Here are the key takeaways:

  1. Challenges arise in reconsidering the traditional 60/40 allocation, prompting a paradigm shift towards more substantial and enduring allocations to alternative strategies.
  2. Despite the potential advantages, the wealth channel remains under-allocated to portfolio alternatives, spurring various firms to address this disparity.
  3. Semi-liquid products have witnessed remarkable growth, offering increased access to private assets.
  4. Convergence between alternative and traditional managers, including mergers and acquisitions, is a prevailing trend.
  5. Financial advisors are becoming better equipped, and technology is transforming the game, although immediate flows may lag behind heightened interest.
  6. The subscription process proves cumbersome, propelling firms to address challenges through digital transformation, especially in the realm of alternatives and trading.
  7. Post-allocation to alternatives, the focus shifts to data, reporting, and cycles, ensuring comfort in approaching clients with comprehensive portfolio insights.
  8. Client concerns regarding liquidity vary, challenging the conventional notion of maintaining 100% liquid assets. The recognition of the illiquidity premium has prompted asset managers to create structures that are more conducive to wealth building.
  9. In spite of being part of a higher-margin and fee industry, fee compression is observed, prompting nuanced considerations about paying for alpha versus beta. Bargaining power and early engagements with managers may influence fee structures.
  10. The industry is poised for a transformation, with a projected dominance of 20 to 30 product providers. Private wealth firms are expanding rapidly, propelled by a perceived $10 trillion opportunity.
  11. Successfully navigating this landscape involves careful consideration of alpha performance relative to benchmarks. 

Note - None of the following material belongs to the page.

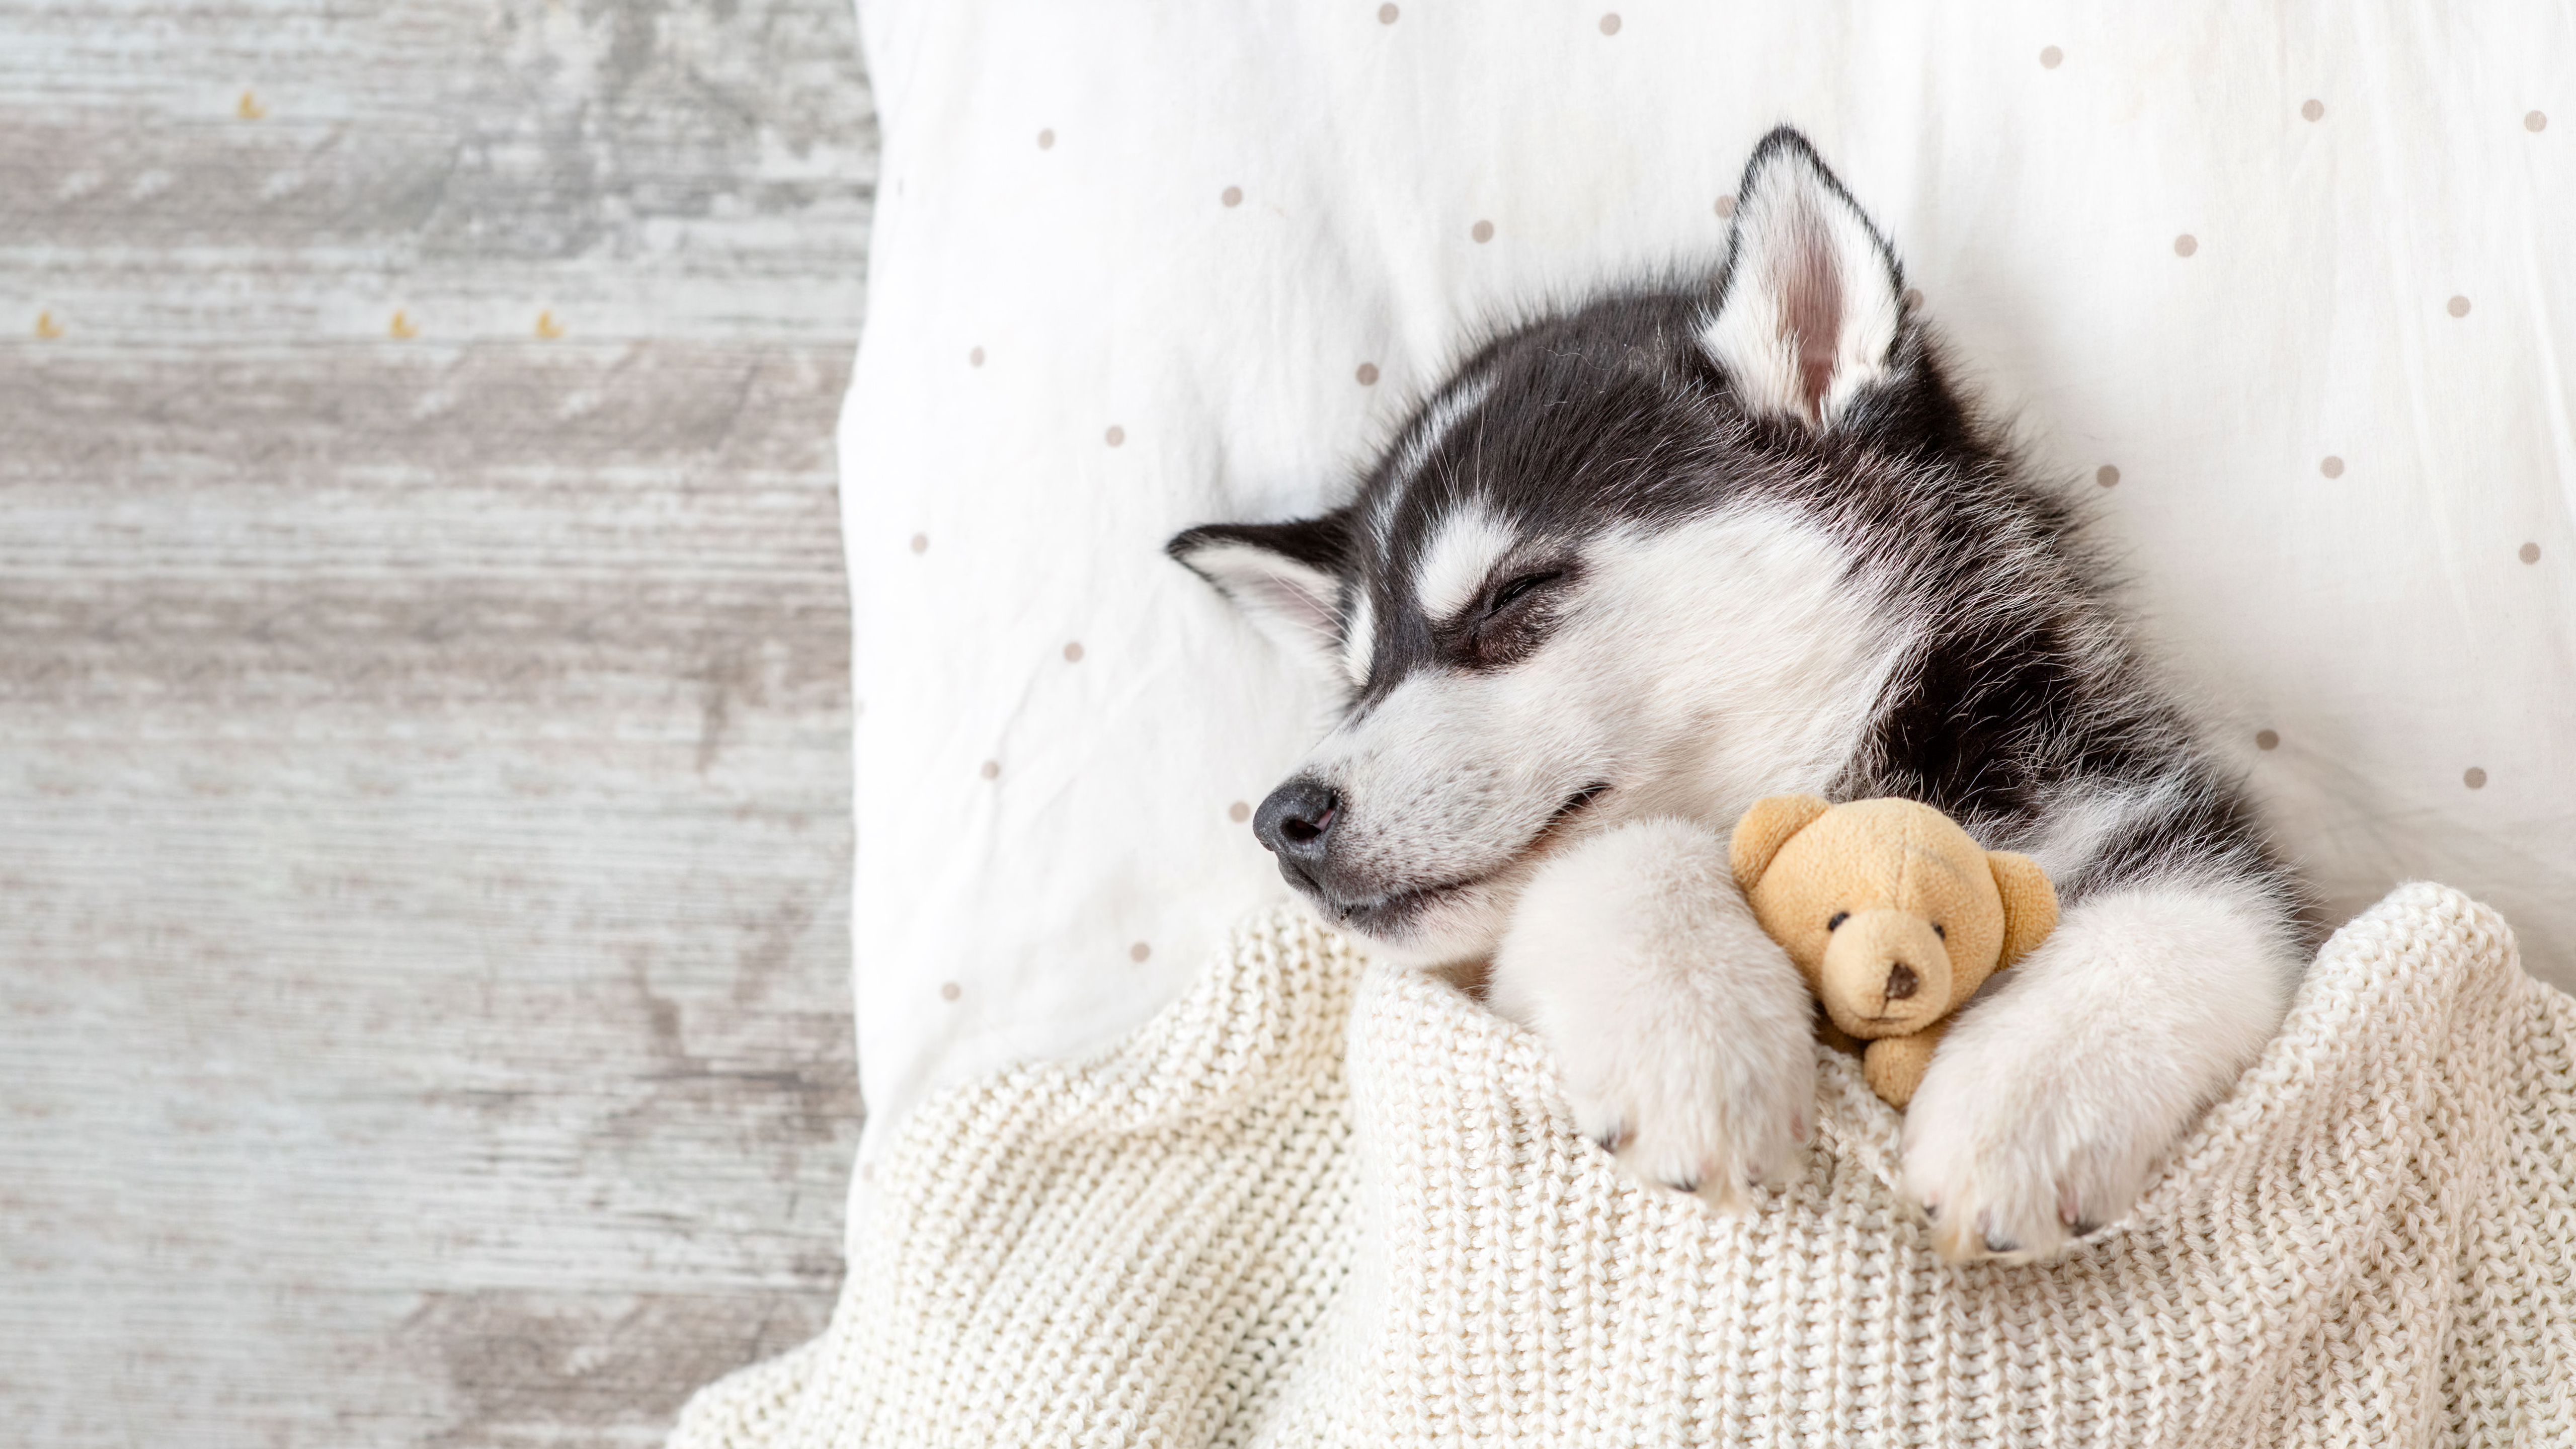 HD wallpaper, White Aesthetic, Blanket, Warm, Adorable, Siberian Husky, Breed Dog, 5K, Teddy Bear, Sleeping, Cozy

In summary, alternative investments present a dynamic landscape where historical trends, evolving strategies, and technological advancements shape portfolio decisions. Balancing liquidity, navigating fee structures, and adapting to industry shifts are crucial for success in this evolving market.

Personal views and observations of individuals contained herein are as of the date of the live event or written material and do not necessarily reflect the views of Nicsa or its member organizations. May contain forward-looking statements subject to various uncertainties. Nothing herein is intended to be or should be construed as legal advice. Contact your own counsel in order to obtain legal advice regarding these or any other matters. The information contained herein is for informational purposes only and does not constitute a recommendation of best practices.